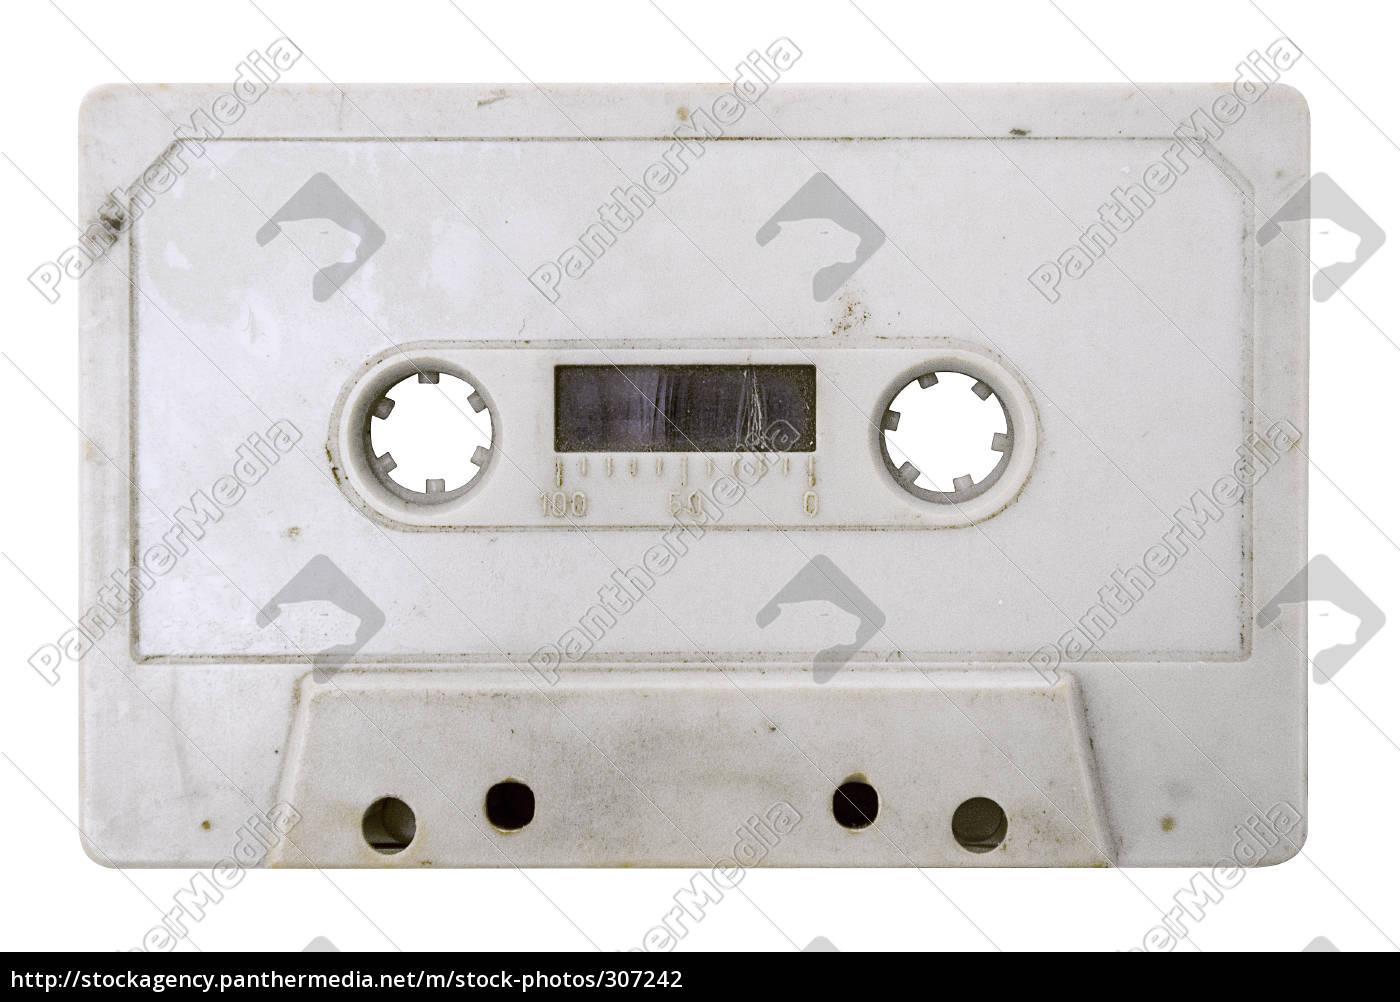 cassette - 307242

-------------------------

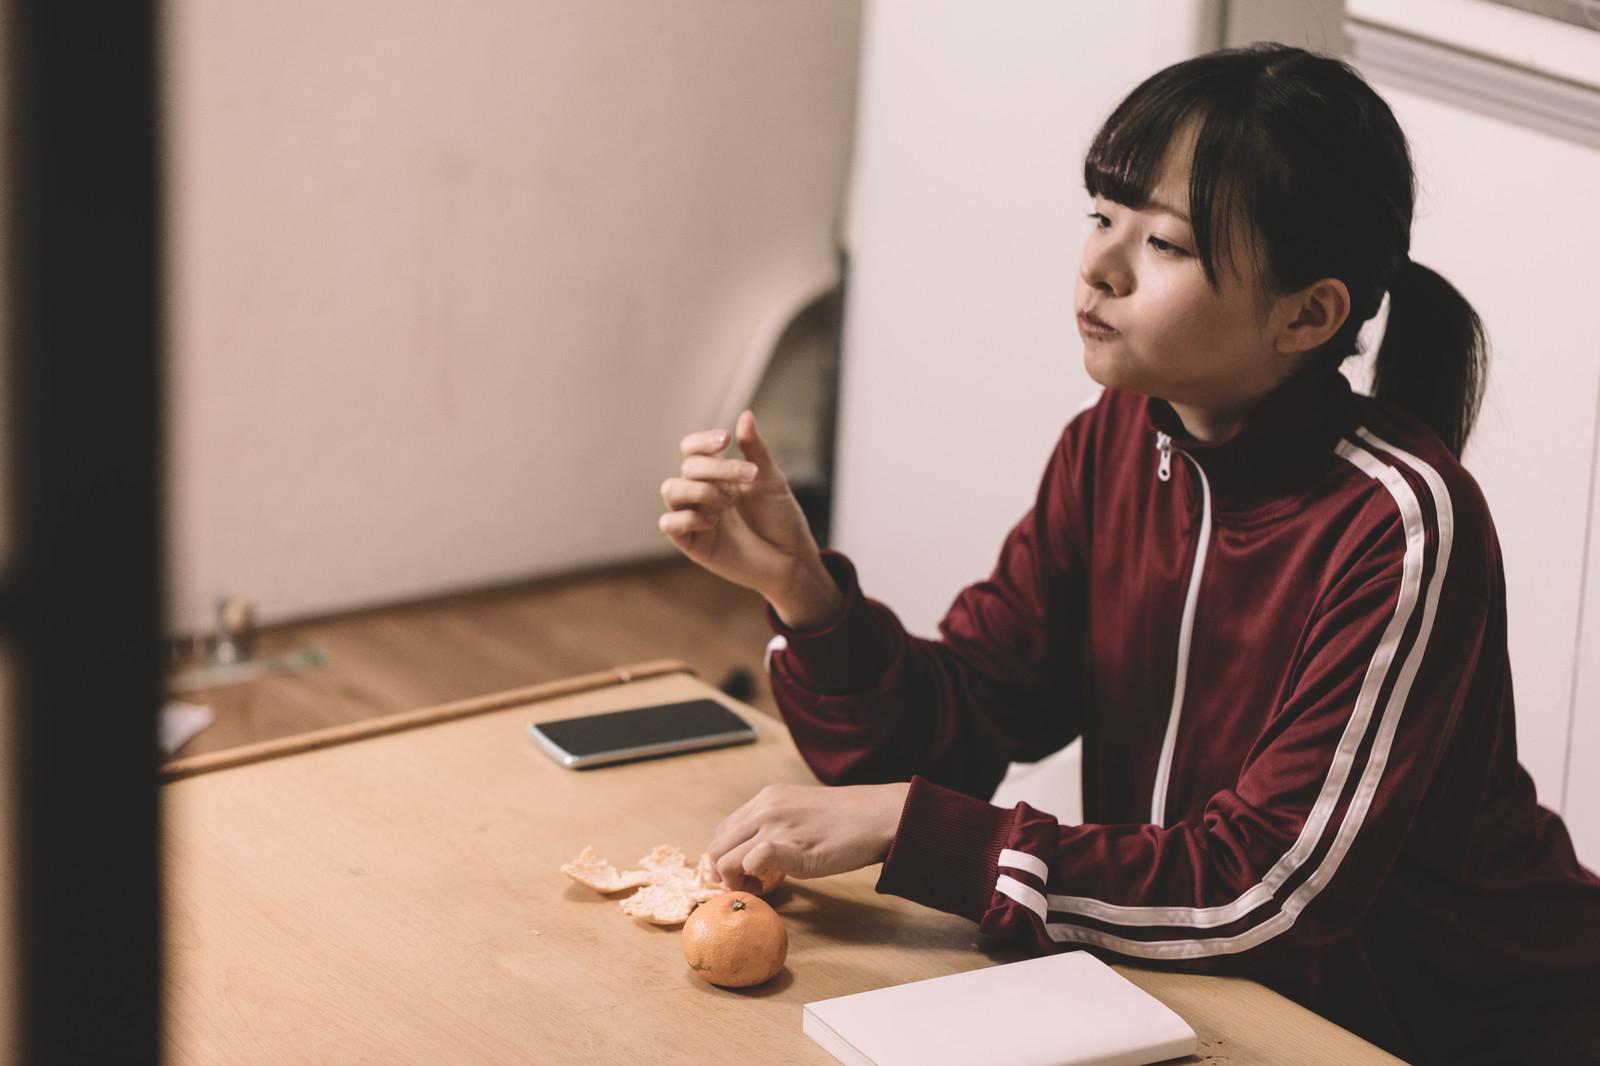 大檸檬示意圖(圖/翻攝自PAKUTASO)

-------------------------

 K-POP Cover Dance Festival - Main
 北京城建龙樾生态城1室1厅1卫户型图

-------------------------

Could you write out, exactly as they stand, only the lines above that begin at the line with "K-POP Cover Dance Festival - Main" and stop after the line with "北京城建龙樾生态城1室1厅1卫户型图"?

- **EXPECTED ANSWER**
 K-POP Cover Dance Festival - Main
 北京城建龙樾生态城1室1厅1卫户型图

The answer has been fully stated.